As a white-box audit tool-RIPS, which began to use parsing to exploit vulnerabilities a long time ago, I believe everyone is familiar with him. Even though it is now in commercial operation, and the latest version is only v0.55 updated in 2017 on SourceForge (https://sourceforge.net/projects/rips-scanner), this does not hinder our study of its code concept, and three RIPS analysis articles by plum winemakers are well worth reading. Commercial RIPS offers a free trial, and friends who are interested can go and have a try.

RIPS uses the PHP Zend engine parser to get the source Token stream information, and then generates the corresponding AST tree and CFG based on this Token stream information. Then, RIPS locates the sensitive function on this basis, and then traces the parameters of the sensitive function to check whether it is a user-controllable input to determine whether there is a vulnerability. RIPS checks whether the variable is handled by a security function during variable backtracking to reduce false positives.

RIPS does not have a separate inspection rule file, and its detection rules are mainly integrated in the configuration file and are located in the config directory.

Info.php: define some functions that require extra attention

Securing.php: define security handling functions

Sink.php: define sensitive functions and corresponding security functions

Sources.php: define output point functions / variables that the user may be able to control

Token.php: defining the flow of Token information related to sensitive functions needs to be focused on during the analysis process.

More than a dozen white box audit tools give me the impression that automated code audit is still a long way to go. As mentioned at the beginning, the current mainstream PHP white-box audit tools are based on the same experience. This experience can be simply divided into three sub-questions:

Location sensitive function

Some / all of the parameters come from external input

Whether the external input is processed by the security function during the transfer process.

With regard to the first problem, the current solution can basically be solved. In view of the second problem, most of the cases can be basically solved by static analysis, but there is still much room for improvement, such as more comprehensive and in-depth analysis of the source code, secondary input with the help of database, and so on. The third problem is still a hard-hit area, which basically stays in the judgment of whether there is a security function in the transfer chain, without considering the bypass problem caused by multiple coding, the security function can be bypassed and so on. In addition, in recent years, our principles of designing white-box audit tools are basically the same, is there any other better design scheme under today's technical conditions? This point is open to question. Interestingly, there are quite a number of people studying the binary system, both in industry and academia, but when it comes back to WEB, the main force is the industrial people (manual dog heads).

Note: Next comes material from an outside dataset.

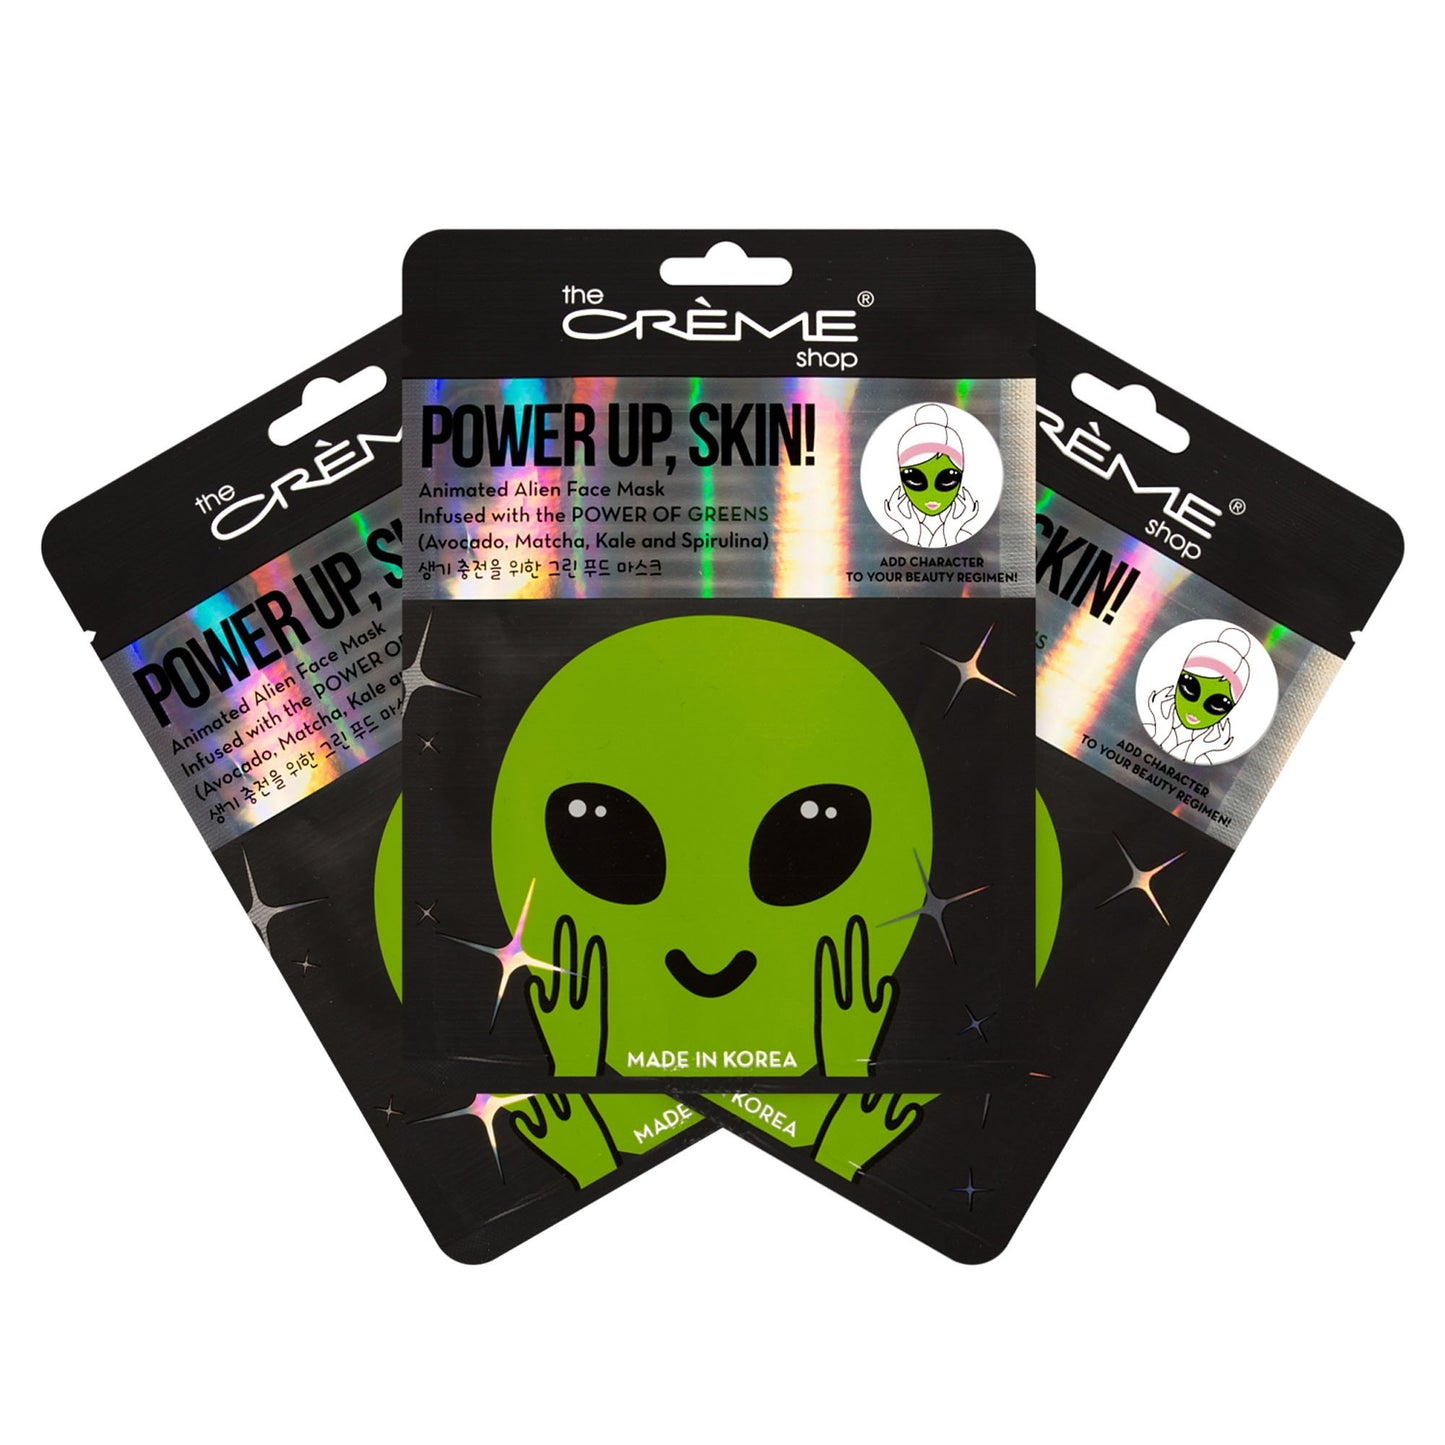 Power Up, Skin! Animated Alien Face Mask - Power of Greens - The Crème Shop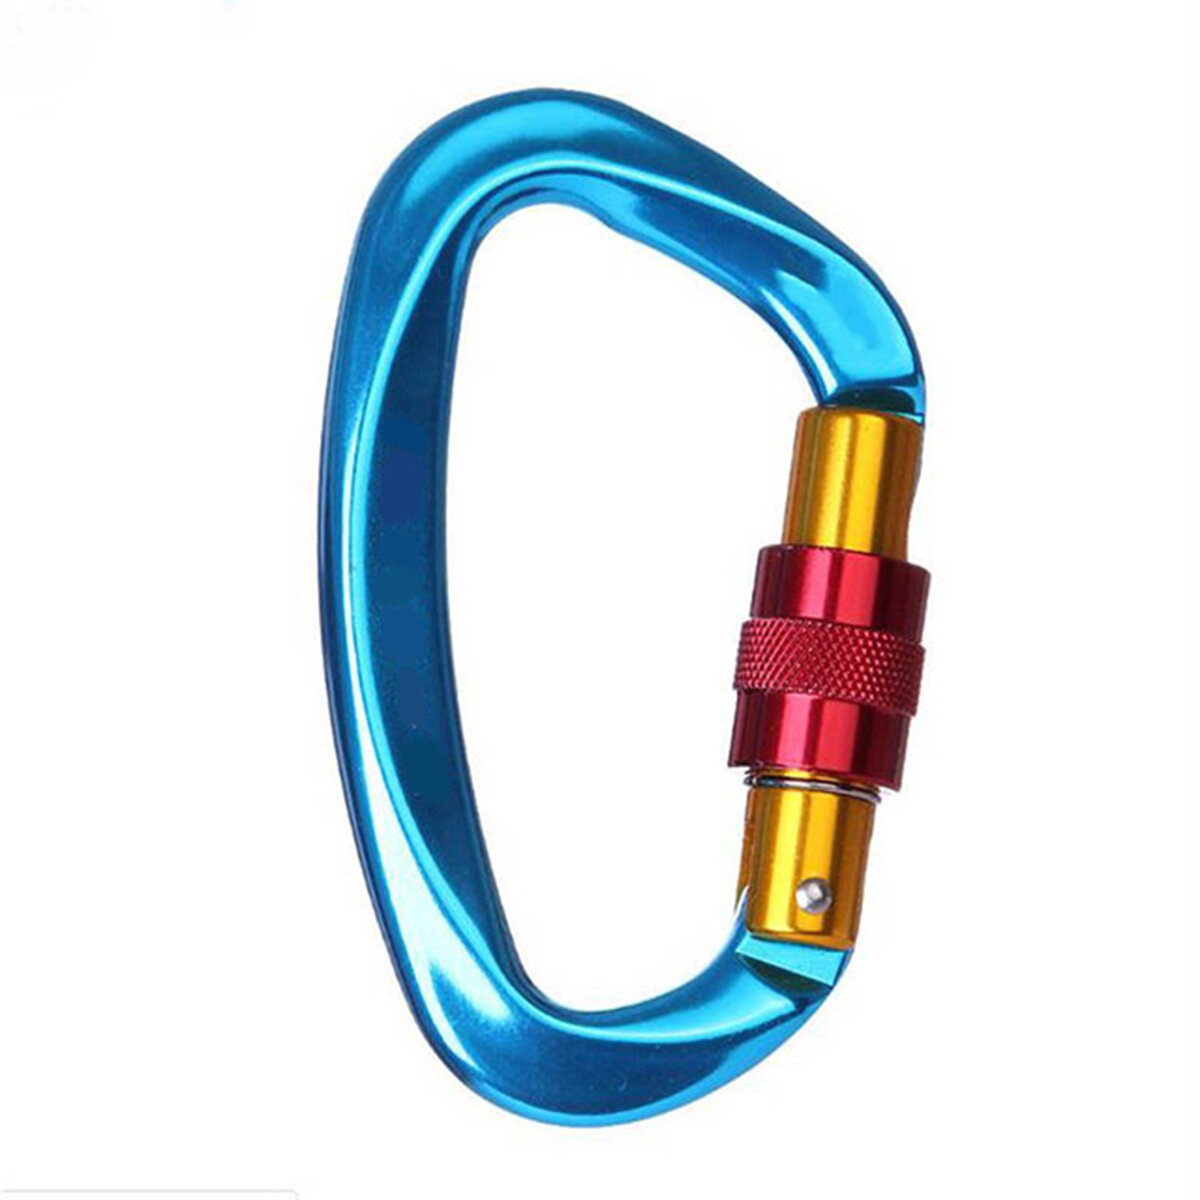 25KN Locking Climbing Carabiner D Shaped Screwgate Carabiner Clips Perfect For Outdoor Sport Hiking Travel Mountaineer Hammock

The above is a preliminary study of how PHP carries out open source white-box audit tools, and the editor believes that there are some knowledge points that we may see or use in our daily work. I hope you can learn more from this article. For more details, please follow the industry information channel.

Welcome to subscribe "Shulou Technology Information " to get latest news, interesting things and hot topics in the IT industry, and controls the hottest and latest Internet news, technology news and IT industry trends.

*The comments in the above article only represent the author's personal views and do not represent the views and positions of this website. If you have more insights, please feel free to contribute and share.